* WHAT NEEDS TO BE DONE: Copy the records exactly, every one of them.

* TASK INPUTS:
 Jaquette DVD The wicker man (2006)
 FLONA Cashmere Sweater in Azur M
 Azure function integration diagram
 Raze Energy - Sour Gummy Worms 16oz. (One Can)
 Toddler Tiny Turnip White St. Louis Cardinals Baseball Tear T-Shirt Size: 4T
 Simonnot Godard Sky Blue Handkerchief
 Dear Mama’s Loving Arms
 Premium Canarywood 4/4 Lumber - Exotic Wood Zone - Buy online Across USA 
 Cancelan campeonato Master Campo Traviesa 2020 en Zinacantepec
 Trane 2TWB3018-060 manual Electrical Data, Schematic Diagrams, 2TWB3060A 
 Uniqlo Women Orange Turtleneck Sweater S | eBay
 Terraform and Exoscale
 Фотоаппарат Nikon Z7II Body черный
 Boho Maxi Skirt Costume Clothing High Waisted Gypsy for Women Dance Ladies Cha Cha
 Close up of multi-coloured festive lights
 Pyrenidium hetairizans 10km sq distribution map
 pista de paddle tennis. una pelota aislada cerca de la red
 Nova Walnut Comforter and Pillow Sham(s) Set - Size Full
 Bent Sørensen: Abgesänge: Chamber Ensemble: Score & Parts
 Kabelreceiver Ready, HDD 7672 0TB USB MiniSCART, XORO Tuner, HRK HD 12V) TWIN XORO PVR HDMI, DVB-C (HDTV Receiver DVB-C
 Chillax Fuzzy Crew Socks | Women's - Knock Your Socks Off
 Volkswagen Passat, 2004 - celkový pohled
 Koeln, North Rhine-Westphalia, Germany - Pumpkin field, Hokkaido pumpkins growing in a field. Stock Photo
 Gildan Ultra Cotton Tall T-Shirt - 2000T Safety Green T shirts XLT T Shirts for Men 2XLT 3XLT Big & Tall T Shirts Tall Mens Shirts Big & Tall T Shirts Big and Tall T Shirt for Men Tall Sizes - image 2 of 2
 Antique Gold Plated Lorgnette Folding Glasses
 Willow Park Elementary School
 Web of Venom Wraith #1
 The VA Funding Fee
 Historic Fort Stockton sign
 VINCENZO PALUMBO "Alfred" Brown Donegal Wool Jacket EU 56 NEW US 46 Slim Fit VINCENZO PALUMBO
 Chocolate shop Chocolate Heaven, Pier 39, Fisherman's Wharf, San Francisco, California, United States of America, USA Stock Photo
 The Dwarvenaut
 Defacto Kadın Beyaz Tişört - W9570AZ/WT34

* ANSWER SECTION:
 Jaquette DVD The wicker man (2006)
 FLONA Cashmere Sweater in Azur M
 Azure function integration diagram
 Raze Energy - Sour Gummy Worms 16oz. (One Can)
 Toddler Tiny Turnip White St. Louis Cardinals Baseball Tear T-Shirt Size: 4T
 Simonnot Godard Sky Blue Handkerchief
 Dear Mama’s Loving Arms
 Premium Canarywood 4/4 Lumber - Exotic Wood Zone - Buy online Across USA 
 Cancelan campeonato Master Campo Traviesa 2020 en Zinacantepec
 Trane 2TWB3018-060 manual Electrical Data, Schematic Diagrams, 2TWB3060A 
 Uniqlo Women Orange Turtleneck Sweater S | eBay
 Terraform and Exoscale
 Фотоаппарат Nikon Z7II Body черный
 Boho Maxi Skirt Costume Clothing High Waisted Gypsy for Women Dance Ladies Cha Cha
 Close up of multi-coloured festive lights
 Pyrenidium hetairizans 10km sq distribution map
 pista de paddle tennis. una pelota aislada cerca de la red
 Nova Walnut Comforter and Pillow Sham(s) Set - Size Full
 Bent Sørensen: Abgesänge: Chamber Ensemble: Score & Parts
 Kabelreceiver Ready, HDD 7672 0TB USB MiniSCART, XORO Tuner, HRK HD 12V) TWIN XORO PVR HDMI, DVB-C (HDTV Receiver DVB-C
 Chillax Fuzzy Crew Socks | Women's - Knock Your Socks Off
 Volkswagen Passat, 2004 - celkový pohled
 Koeln, North Rhine-Westphalia, Germany - Pumpkin field, Hokkaido pumpkins growing in a field. Stock Photo
 Gildan Ultra Cotton Tall T-Shirt - 2000T Safety Green T shirts XLT T Shirts for Men 2XLT 3XLT Big & Tall T Shirts Tall Mens Shirts Big & Tall T Shirts Big and Tall T Shirt for Men Tall Sizes - image 2 of 2
 Antique Gold Plated Lorgnette Folding Glasses
 Willow Park Elementary School
 Web of Venom Wraith #1
 The VA Funding Fee
 Historic Fort Stockton sign
 VINCENZO PALUMBO "Alfred" Brown Donegal Wool Jacket EU 56 NEW US 46 Slim Fit VINCENZO PALUMBO
 Chocolate shop Chocolate Heaven, Pier 39, Fisherman's Wharf, San Francisco, California, United States of America, USA Stock Photo
 The Dwarvenaut
 Defacto Kadın Beyaz Tişört - W9570AZ/WT34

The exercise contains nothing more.